SUPPLIED DATA:
========================================================================
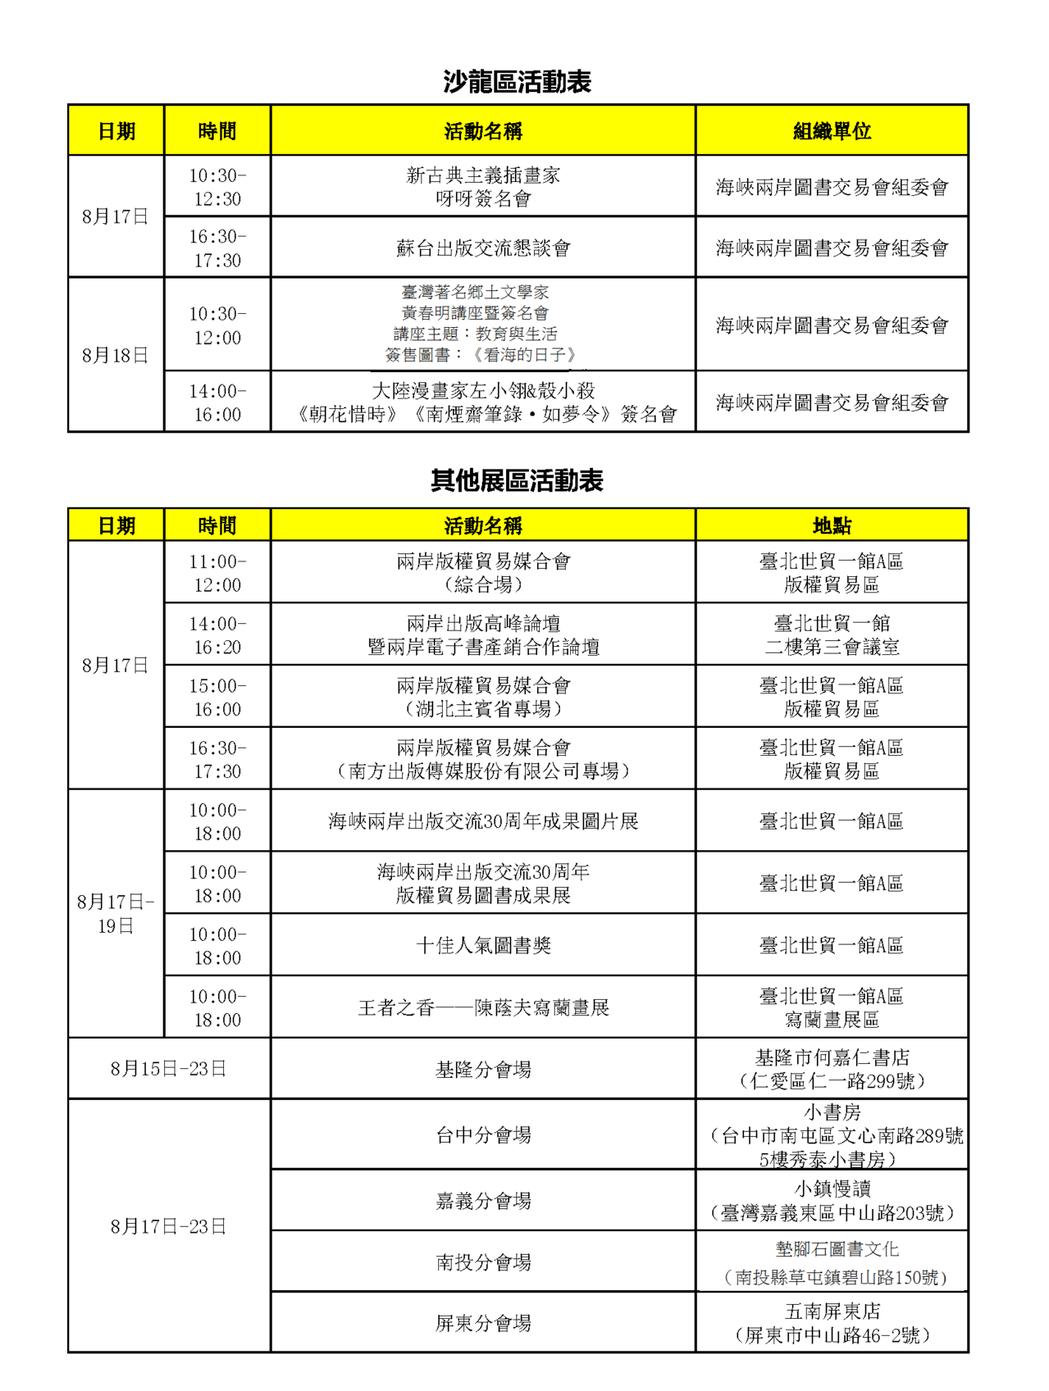 沙龍區與其他展區活動節目表。 圖/海峽兩岸圖書交易會提供
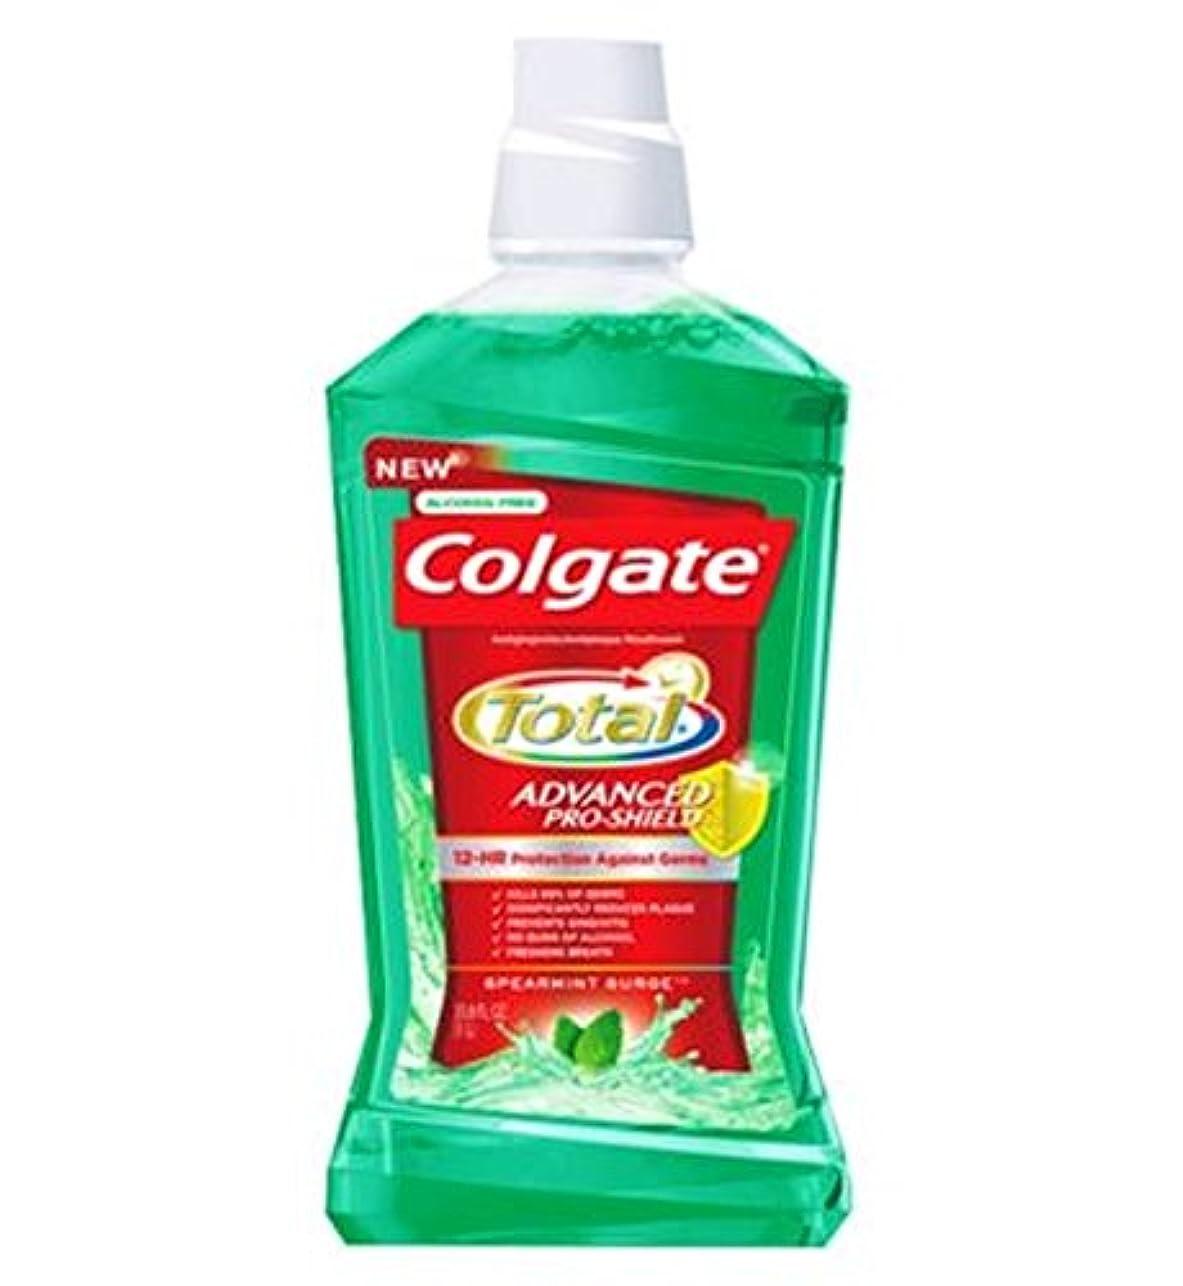 シェア可塑性ポーズコルゲートの口内洗浄剤の合計緑500ミリリットル (Colgate) (x2) - Colgate Mouthrinse Total Green 500ml (Pack of 2) [並行輸入品]
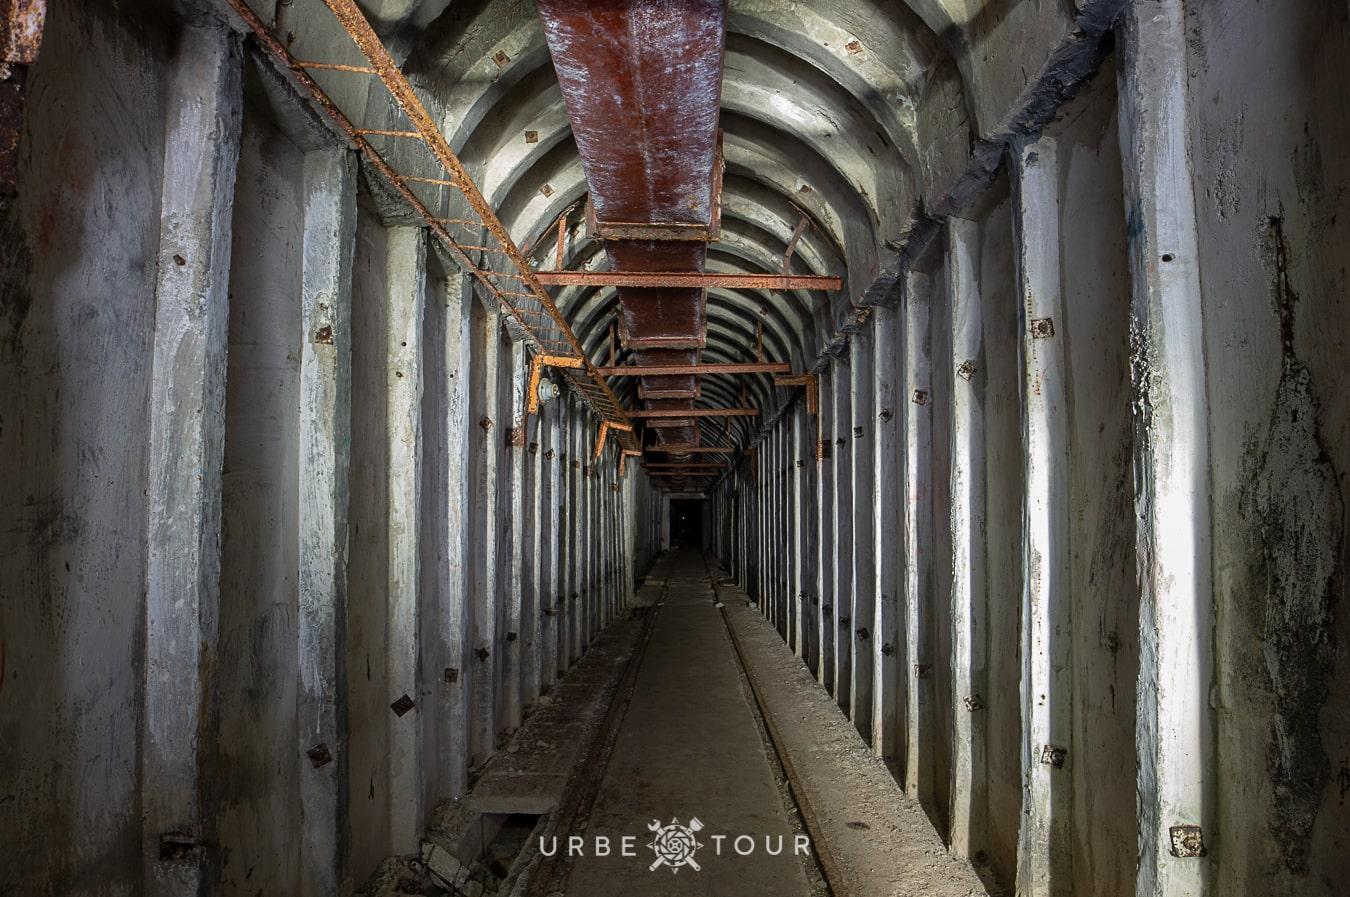 porto-palermo-submarine-base-albania-14-2 Подземная база для подводных лодок в Порто Палермо, Албания
========================================================================
TASK DIRECTIONS:
What is needed is the listing above, repeated verbatim, without its images.

WRITTEN REPLY:
 沙龍區與其他展區活動節目表。 圖/海峽兩岸圖書交易會提供
 シェア可塑性ポーズコルゲートの口内洗浄剤の合計緑500ミリリットル (Colgate) (x2) - Colgate Mouthrinse Total Green 500ml (Pack of 2) [並行輸入品]
 porto-palermo-submarine-base-albania-14-2 Подземная база для подводных лодок в Порто Палермо, Албания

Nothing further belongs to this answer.